Problem statement ▸ Repeat every line from the line containing "GIXXER750 Clean schwarz" to the end of the data, exactly. Leave the pictures out.

Data shown ▸
----------------

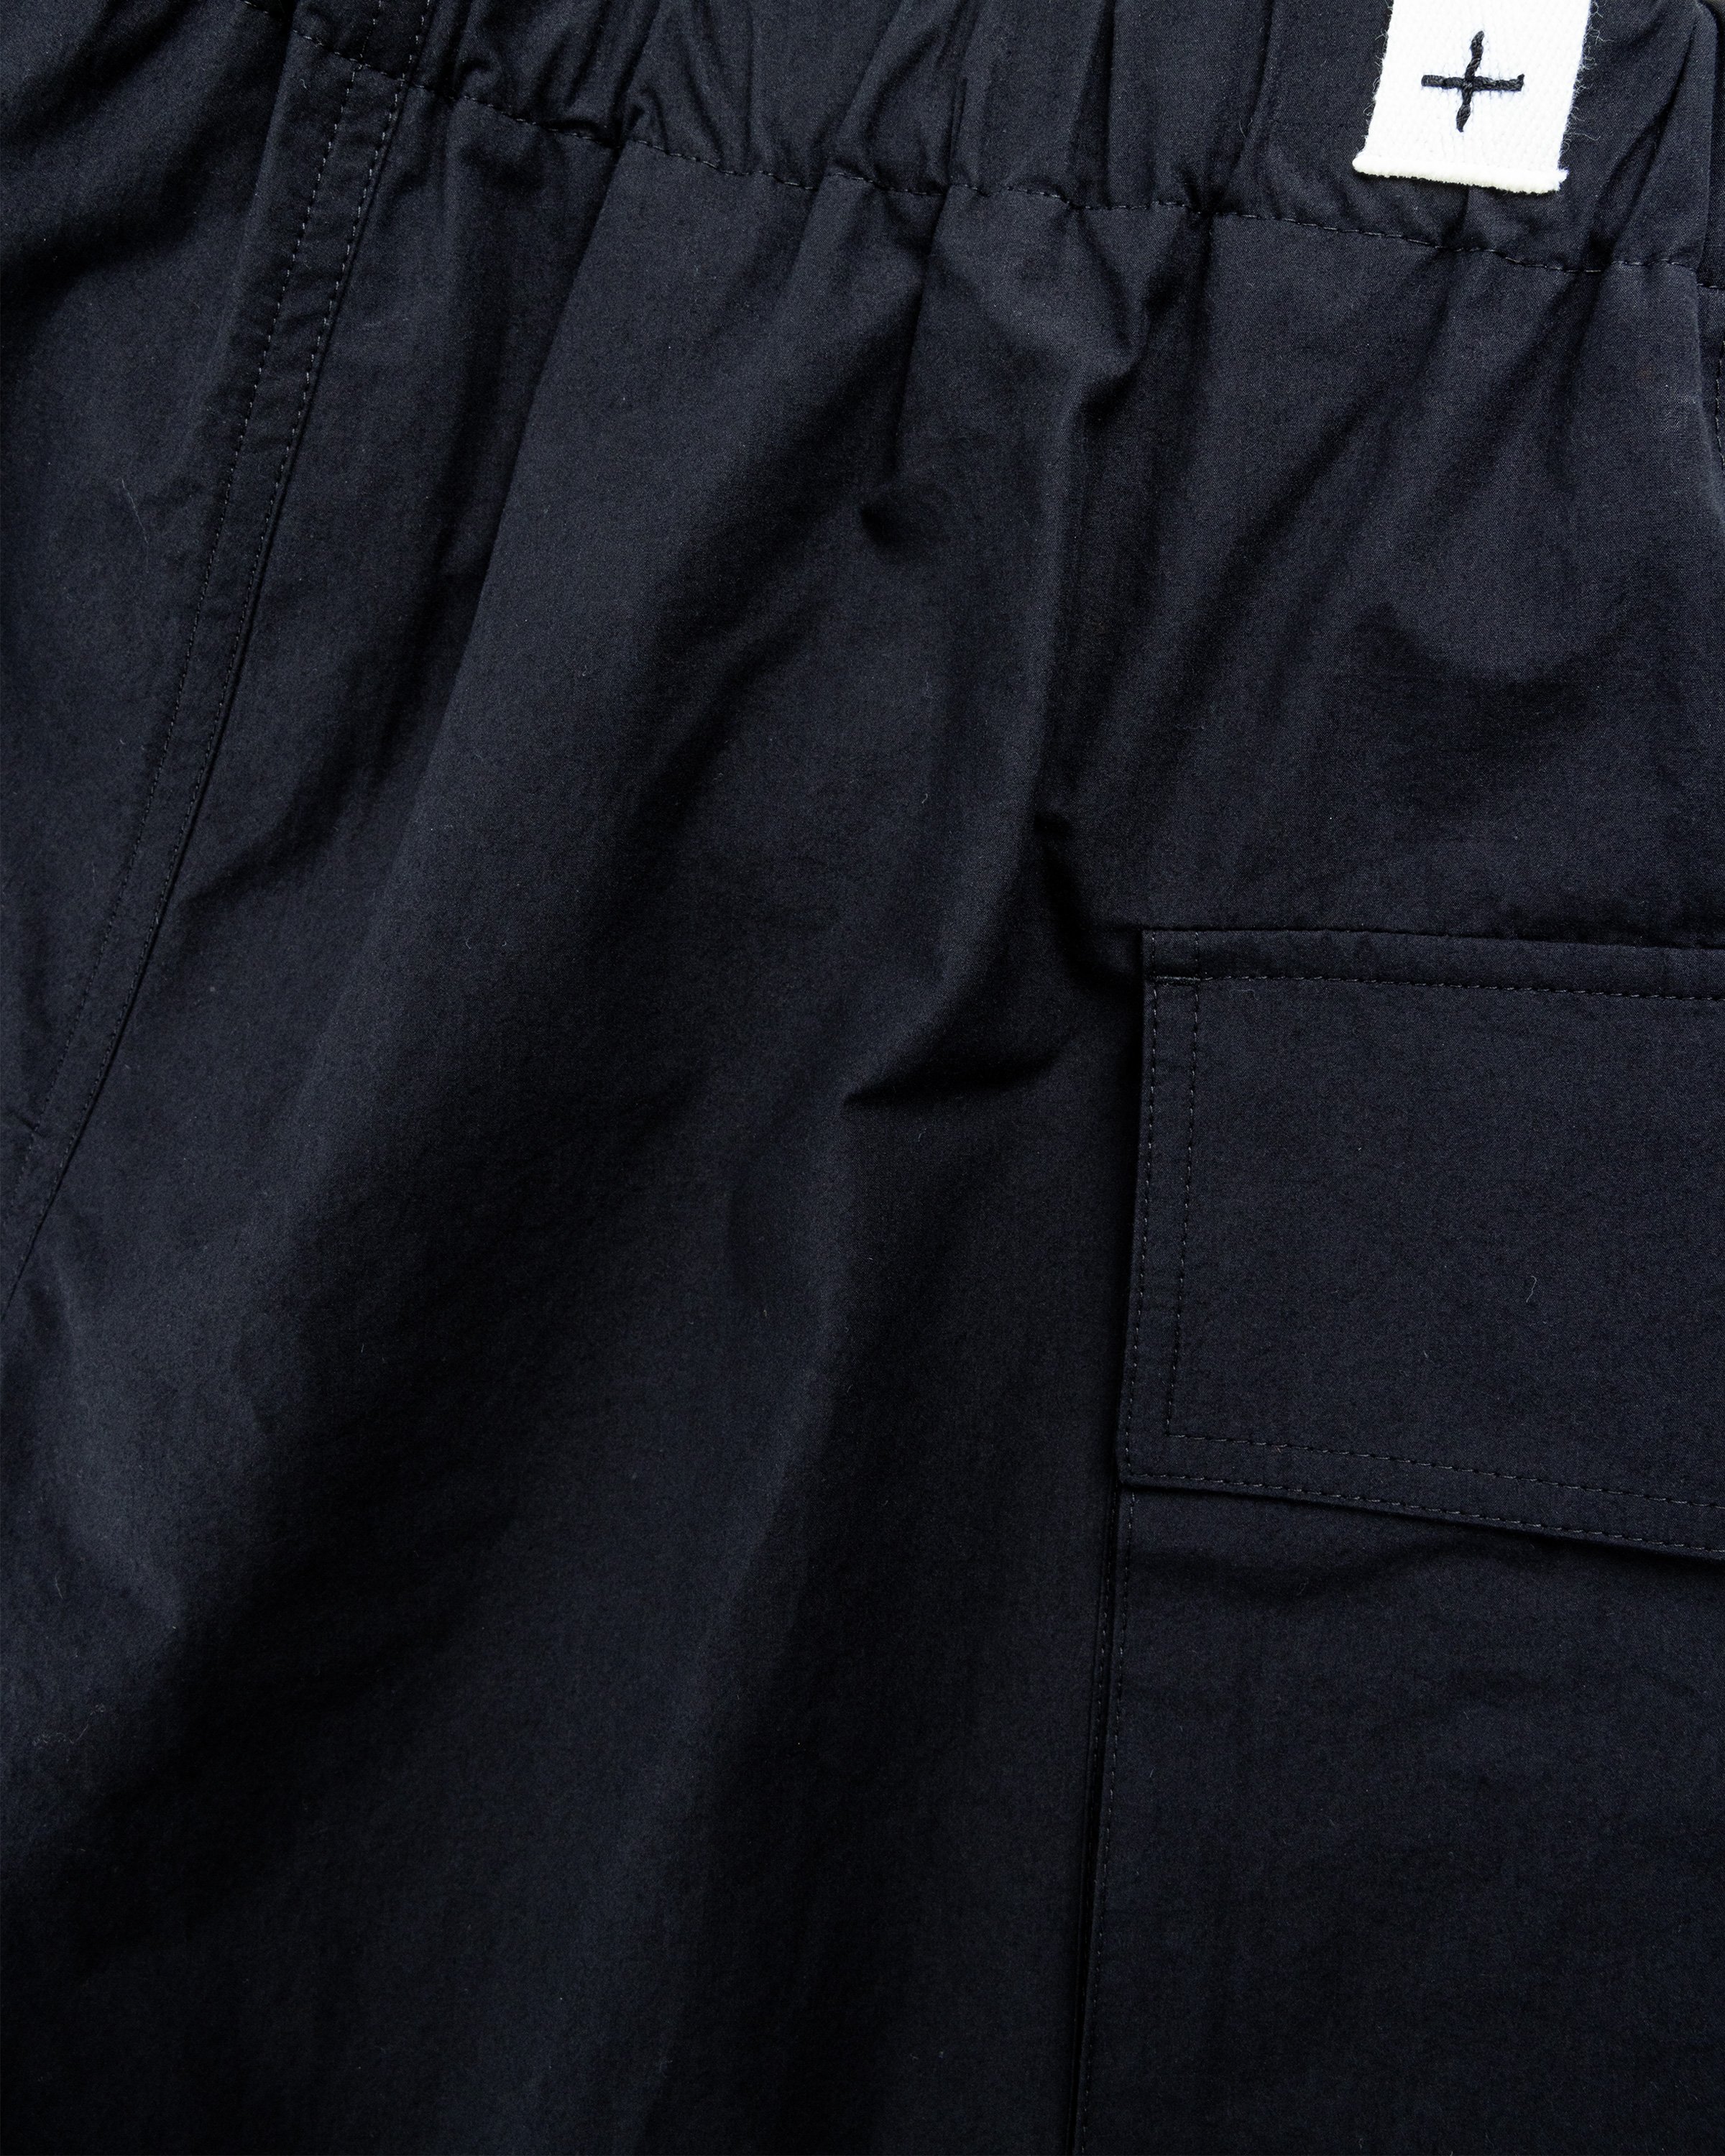 Jil Sander - Trouser 94 Short - Clothing - Black - Image 6
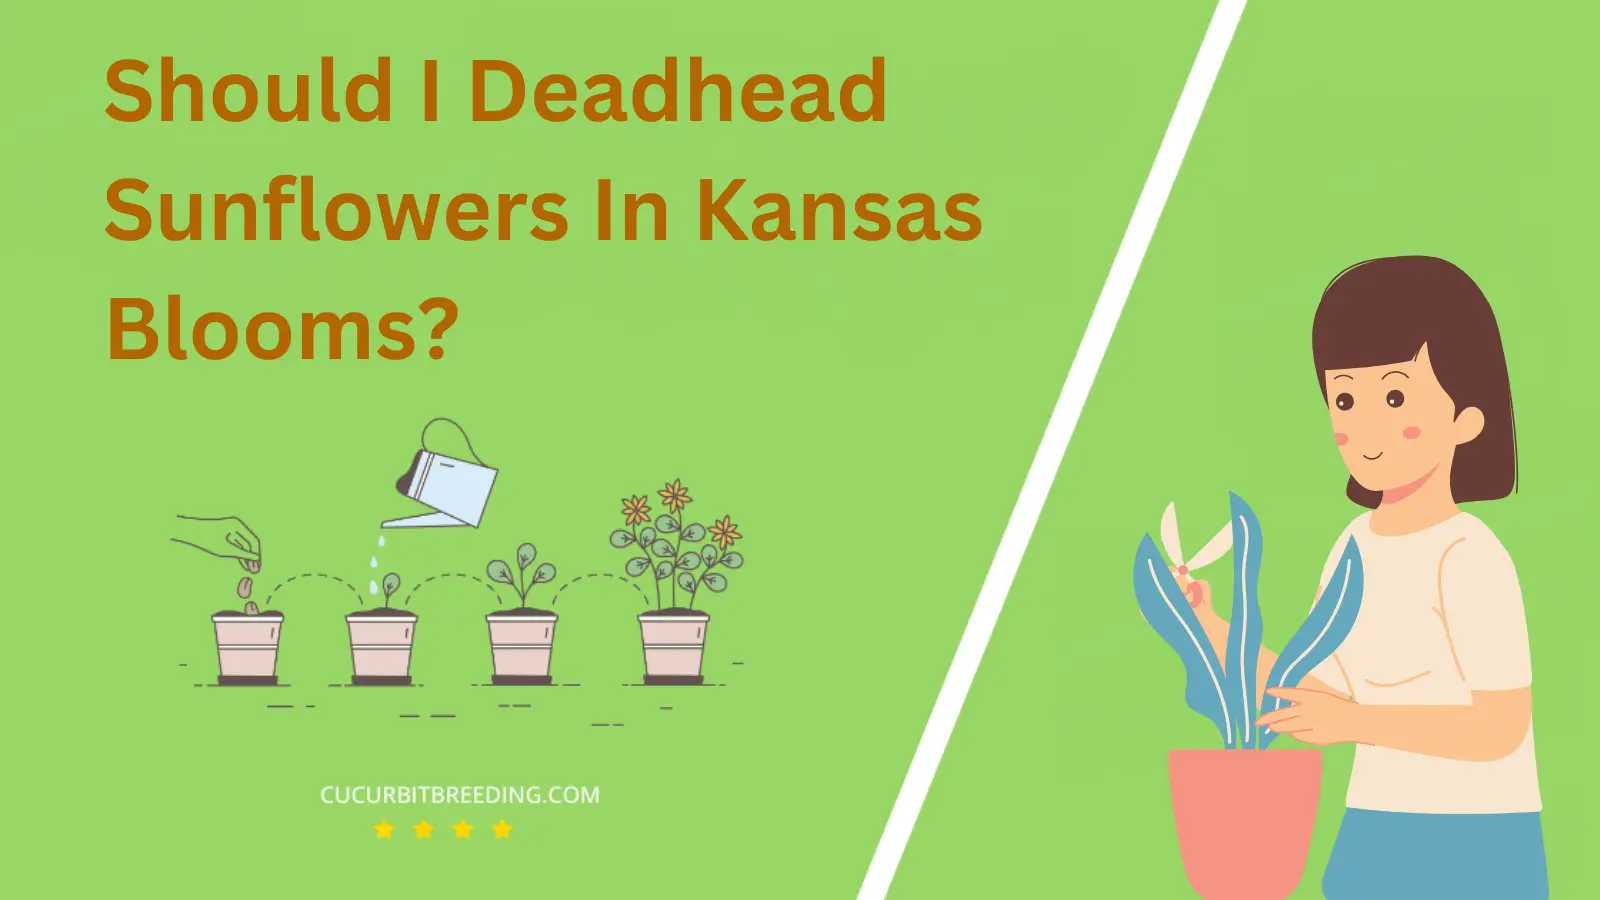 Should I Deadhead Sunflowers In Kansas Blooms?
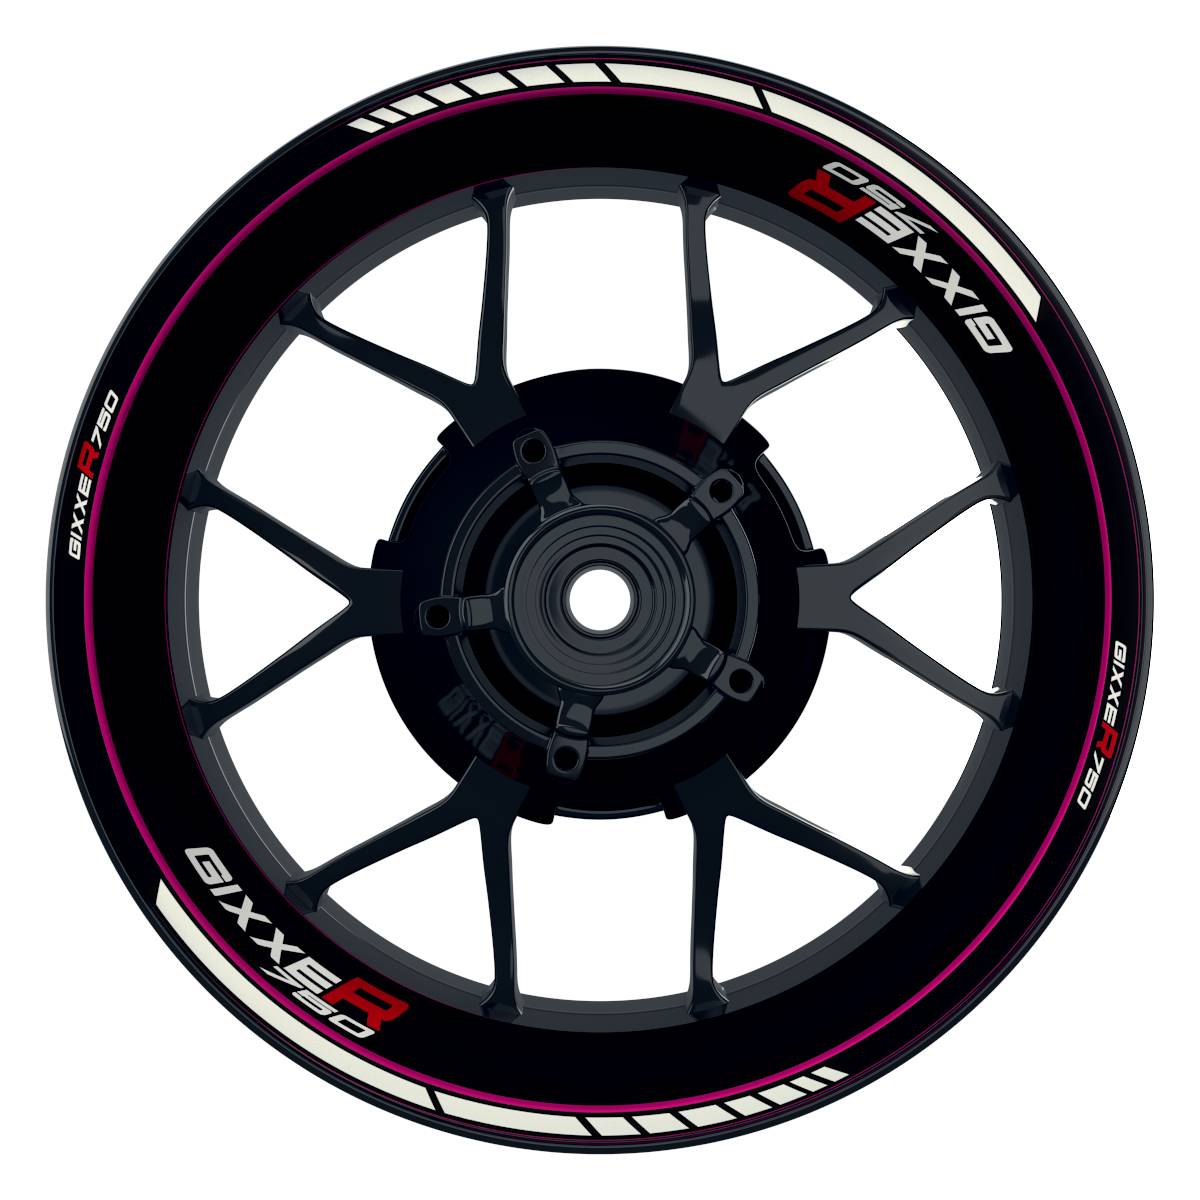 GIXXER750 Clean schwarz pink Wheelsticker Felgenaufkleber
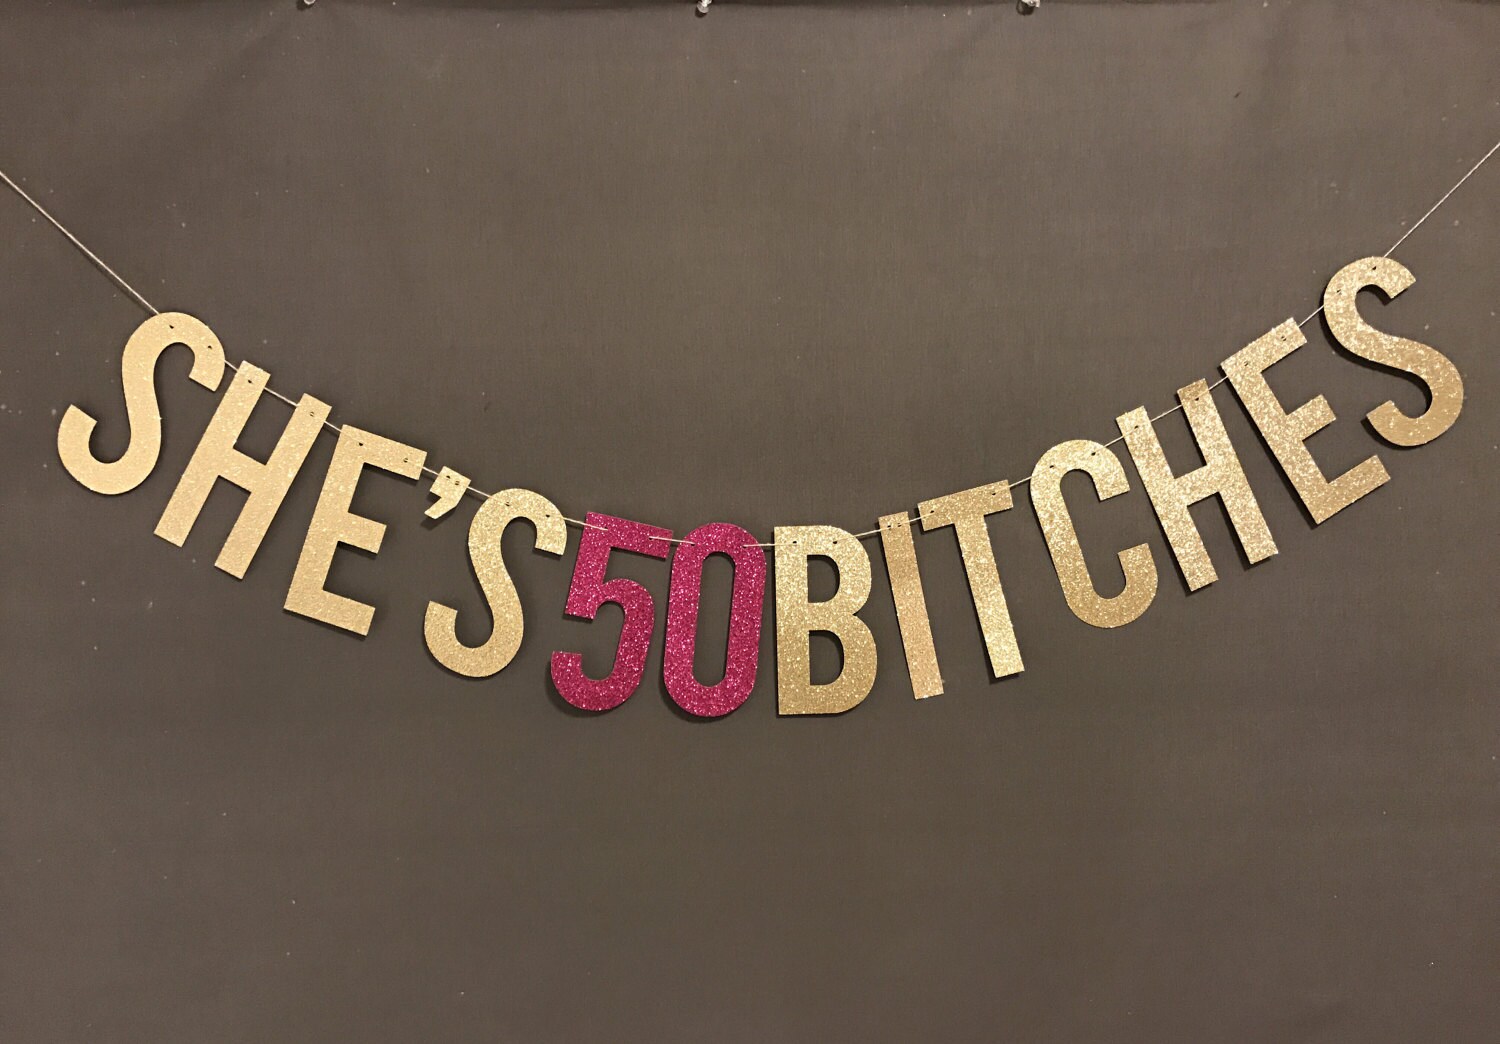  50th birthday 50th birthday party banner Birthday Party

----------------

Solution for this problem ▸
 GIXXER750 Clean schwarz pink Wheelsticker Felgenaufkleber
  50th birthday 50th birthday party banner Birthday Party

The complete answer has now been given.